Sartorial.

agentic-commerce

How AI Shopping Agents Make Buying Decisions

A 16,000-round study tested how AI shopping agents respond to eight promotional tactics. The results challenge how most merchants think about agent-readiness.

·9 min read·

By Sumit Jagdale · CEO, CTO

Most of the executives who run e-commerce businesses believe they understand what makes AI shopping agents tick.

That belief is what makes a particular piece of research so worth sitting with.

In an exploratory survey of 50 e-commerce executives across the U.S. and UK, the majority said they had already noticed traffic or conversion changes they attribute to AI shopping systems. They are actively trying to improve how those systems engage with their products. And many of them are confident: they believe the cues that persuade human shoppers tend to influence AI purchasing behavior in similar ways, and that they already understand which elements of their sites matter most.

The research team that ran that survey then ran a different study. They tested eight common promotional mechanisms across four AI models in more than 16,000 simulated shopping rounds. The executives' confidence, it turns out, is misplaced.


What 16,000 shopping rounds found

The study, published by Jafar Sabbah of Bayes Business School in Harvard Business Review in May 2026, built a simulation of how AI agents interact with e-commerce product pages. Four AI systems: GPT-4.1-mini, GPT-5, Gemini 2.5 Pro, and Gemini 2.5 Flash Lite. Eight promotional mechanisms. Products rotated across everyday categories including a phone, a fitness watch, a washing machine, and a mouse pad. 1,000 rounds per AI system per product, yielding more than 16,000 choice situations total.

The headline finding was pointed: star ratings were the only badge that consistently pushed selection upward across every AI model tested and every category, mirroring the well-established human reliance on quality signals. Effects from every other mechanism varied by product and context, sometimes dramatically.

Scarcity cues had no effect on some models. Countdown timers produced no stable pattern. Strike-through pricing, which works on humans by creating an anchor that frames the discount as a gain, did not produce a consistent response. Bundling sometimes increased selection, sometimes had no effect, and in at least one case reduced it.

That variation is itself a signal. AI agents are responding to these cues, but not for the reasons they work on humans. The psychological mechanisms, loss aversion, anchoring, urgency, social proof in the form of purchase counts, are either absent in these systems or operating very differently than decades of human behavioral research would predict.


When more persuasion makes things worse

The study's most strategically significant finding concerns the direction of travel.
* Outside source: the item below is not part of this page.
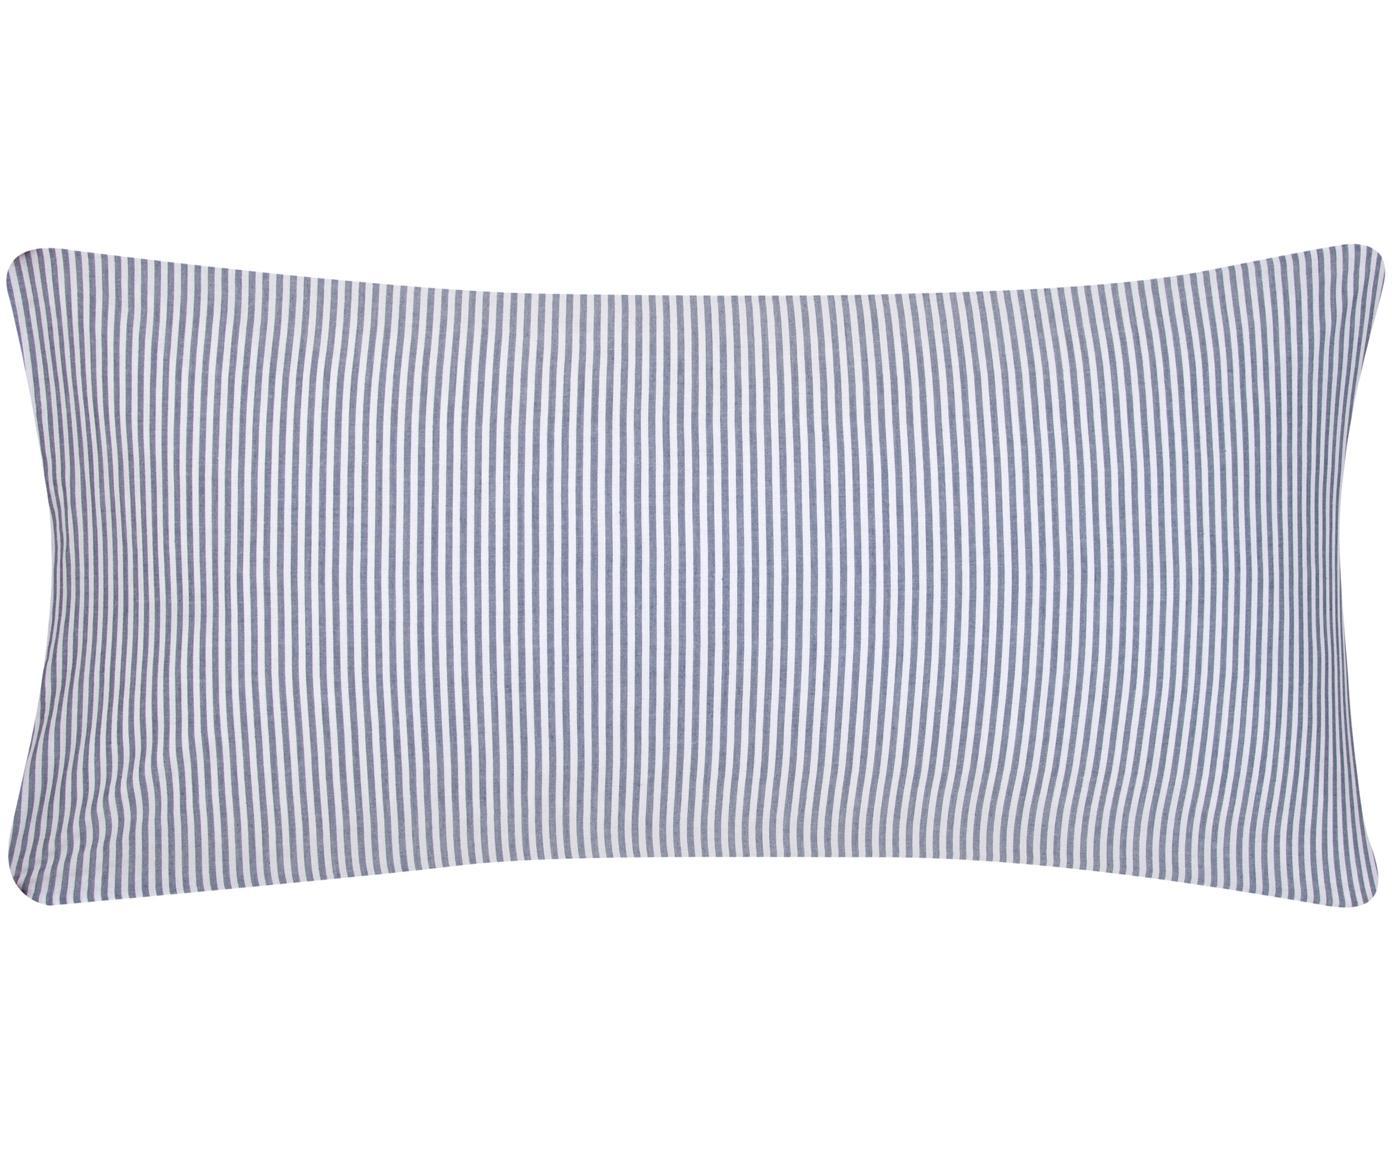 Funda de almohada en tejido renforcé Ellie, Blanco, azul oscuro, An 45 x L 85 cm

The researchers noted a pattern between model capability and promotional receptivity. The non-reasoning models (Gemini 2.5 Flash Lite and GPT-4.1-mini) were generally more responsive to promotional cues. The reasoning models (GPT-5 and Gemini 2.5 Pro) were less responsive. In several cases, they appeared to penalize overt persuasion cues, as though interpreting heavy promotional language as a quality signal in the wrong direction.

The authors were careful to frame this as a pattern, bounded by model and category, rather than a universal rule. The same badge could produce opposite effects on the same model depending on the product involved. The directional conclusion is still clear: the marketing playbook optimized for human psychology is actively losing its footing with capable AI systems. With the most advanced reasoning models, heavy promotion is working against the seller.
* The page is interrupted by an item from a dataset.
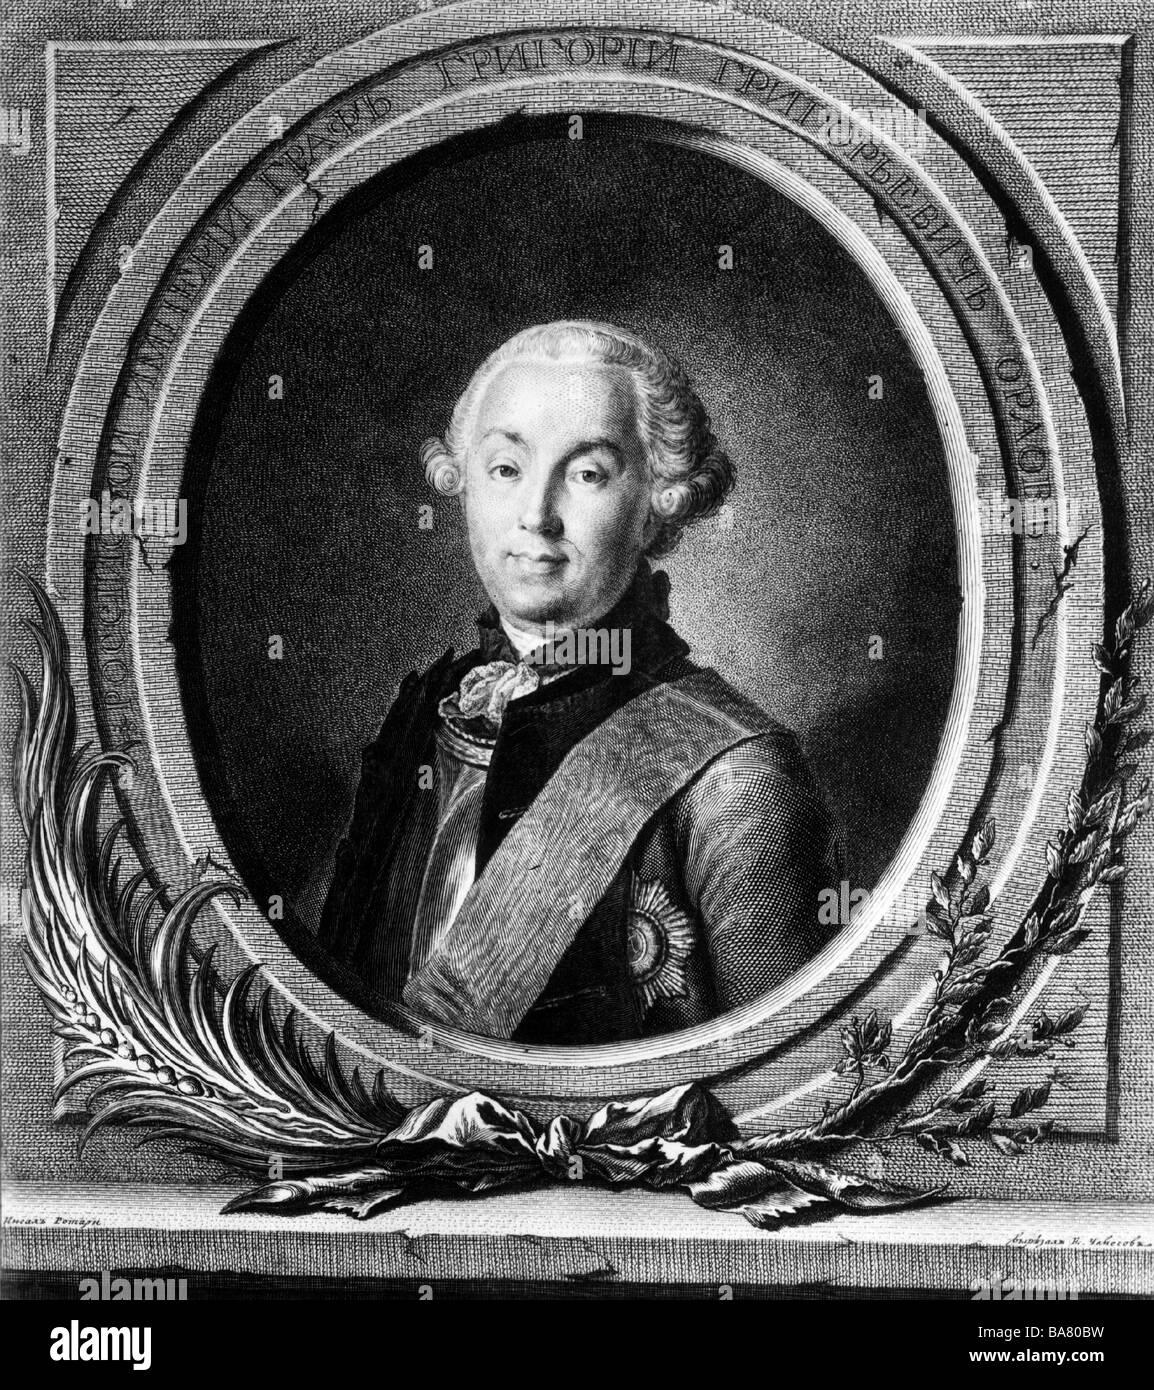 Orlov, Grigory Grigoryevich, 17.10.1734 - 24.4.1783, Russian general, portrait, copper engraving, 18th century, - Stock Image

The study's own framing: "The direction of travel is toward agents where more persuasion produces less selection." Merchants that have spent years engineering urgency and scarcity into their product pages are building habits and infrastructure that may increasingly cost them every time a capable reasoning system evaluates their catalog.


The decision gap compounds as agents take on more autonomy

One study of current agent behavior would be significant on its own. What makes it a strategic priority is what McKinsey QuantumBlack's automation curve shows about where things are going.
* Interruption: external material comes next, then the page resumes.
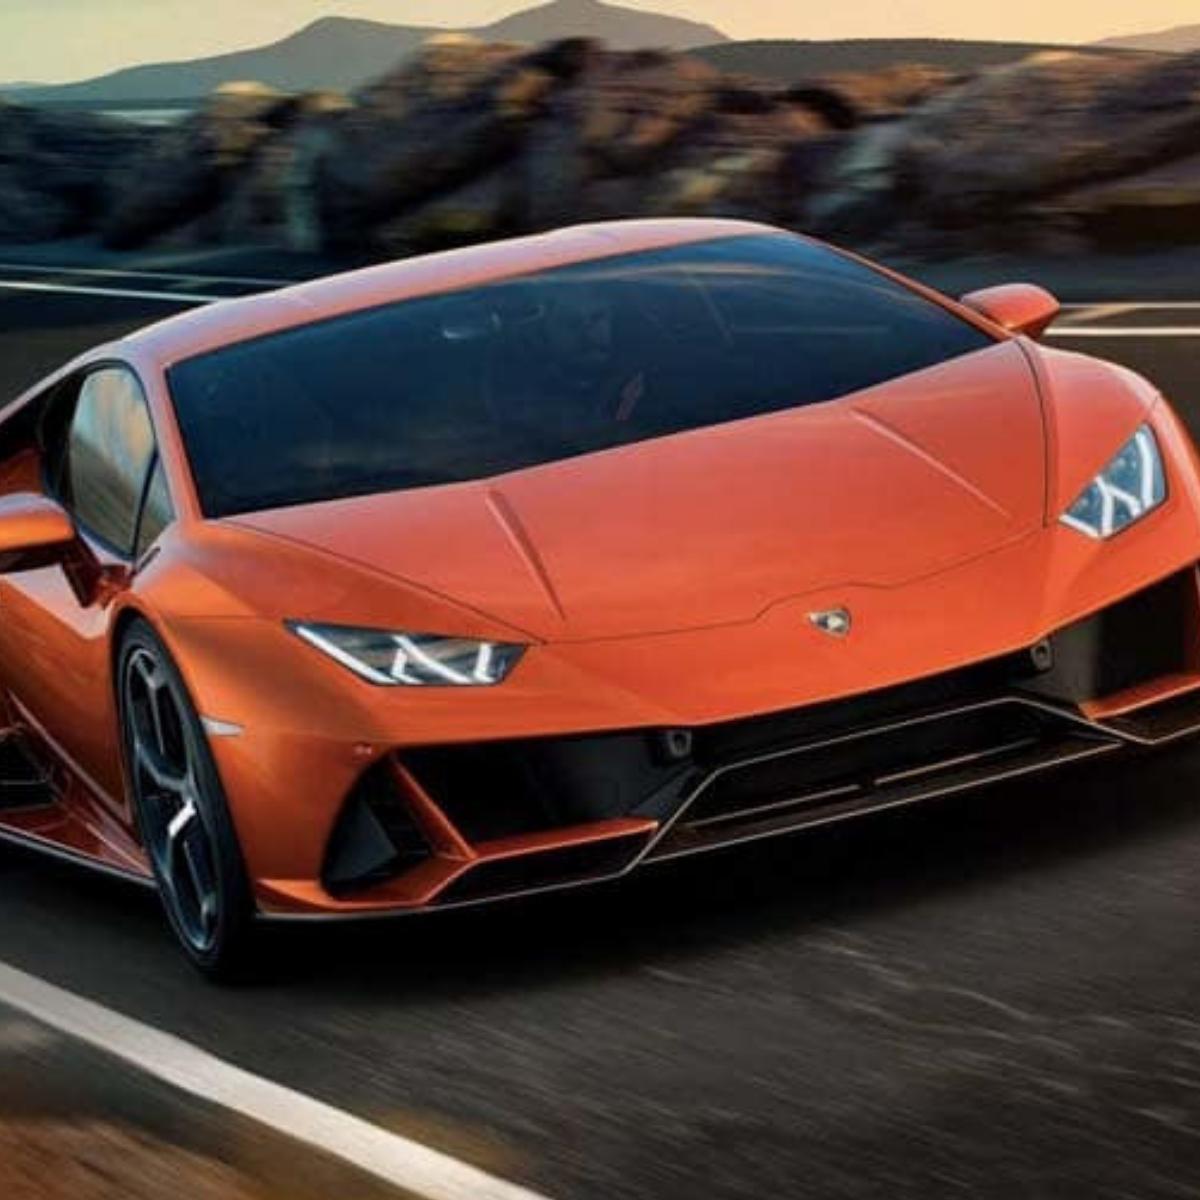 Lamborghini Huracan Evo Launched In India Check Out The Prices Lamborghini Huracan Lamborghini Super Sport Cars

McKinsey describes six distinct levels of commerce autonomy, from Level 0 (pre-agentic auto-ship subscriptions) through Level 5 (fully networked multiagent coordination). Today's most common experiences sit at Levels 1 and 2: a system compares options and summarizes trade-offs, or assembles a purchase-ready basket for human approval. Meaningful surfaces, but still the conservative end of the curve.

At Level 3, the consumer authorizes the system to execute purchases within defined guardrails. Orders are placed, substitutions handled, exceptions escalated only when something falls outside the rules. The next step, Level 4, operates against standing intents: continuously monitoring needs, optimizing against longer-term goals, with the shopper reviewing outcomes rather than approving individual transactions. Level 5 is where AI systems negotiate directly with other AI systems across merchants and platforms, removing the human from the transaction loop almost entirely.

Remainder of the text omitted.